India's consumer inflation is expected to have eased to a three-month low in April, helped by smaller rises in food prices, but with a summer rebound in prospect the Reserve Bank of India (RBI) is likely to keep interest rates on hold.

The RBI's Monetary Policy Committee (MPC), which has a mid-term inflation target of 4 per cent, maintained its hawkish stance on inflation, with most members expressing concern over upside risks to core inflation.

Consumer prices, the RBI's main policy target, likely rose 3.49 per cent in April, according to a Reuters poll of economists, compared with an increase of 3.81 per cent in March.

Data on the consumer price index, wholesale price index and industrial output will be released around 1200 GMT today.

Economists expect the central bank to keep its policy rate unchanged this year.

“RBI is not likely to cut interest rates at least for six months as inflationary pressures are building up,” said N.R. Bhanumurthy, an economist at the National Institute of Public Finance and Policy, a Delhi-based think tank.

Economists predict 1.5 per cent annual growth in industrial output in March, bouncing from February's 1.2 per cent contraction.

Wholesale price inflation is expected to have slowed last month to 4.79 per cent from 5.70 per cent in March, according to the poll.

In Asia, China's annual consumer inflation edged up to 1.2 per cent in April from March's 0.9 per cent, while quickening in Indonesia to a 13-month high of 4.17 per cent.

Change in base year

On Friday, India will release a new series of industrial output and wholesale inflation data, revising the base year to 2011/12 from 2004/05.

India changed the base year for the country's Gross Domestic Product (GDP) and Consumer Price Index based inflation data about two years ago while continuing with the old base year for other macro indicators.

The delay in revising the base year has often confused the markets and policy makers who have struggled to analyse the discrepancies between the volume growth record by IIP and value-added numbers reflected in GDP.
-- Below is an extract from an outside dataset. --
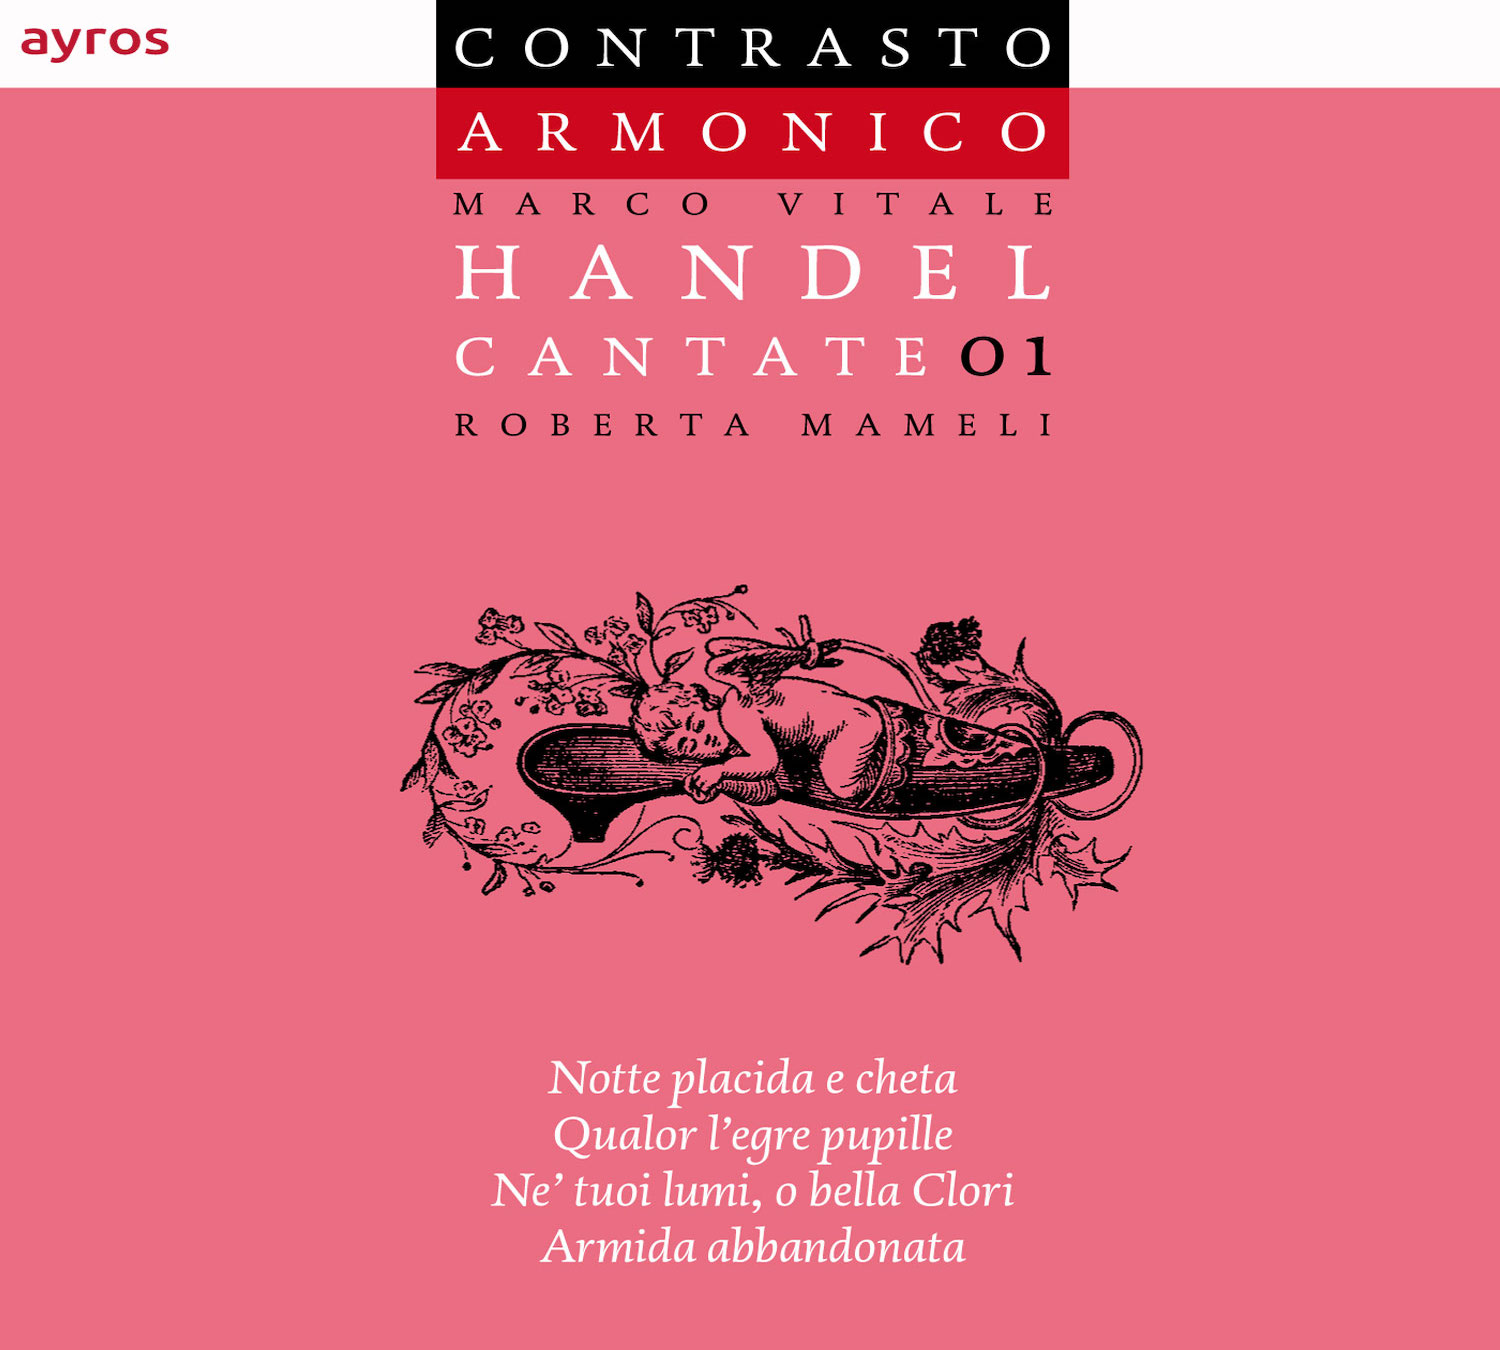 Handel Cantate 01

The base year reset is expected to bring in more accuracy in measuring the level of economic activity as well the national income, said Bhanumurthy.

The new IIP series will cover a new basket of commodities and assign new weights to them, removing obsolete items like typewriters and floppy disks, said G.C. Manna, former head of the Central Statistics Organisation.

Ideally, they should move in the same range, as value-addition at constant prices could address the price factors and broadly reflect physical growth.

But the IIP series for first 11-months of 2016/17 showed a major divergence, with a contraction of 0.3 per cent in manufacturing output compared with 7.7 per cent growth noted in the gross value added data of GDP for the whole year.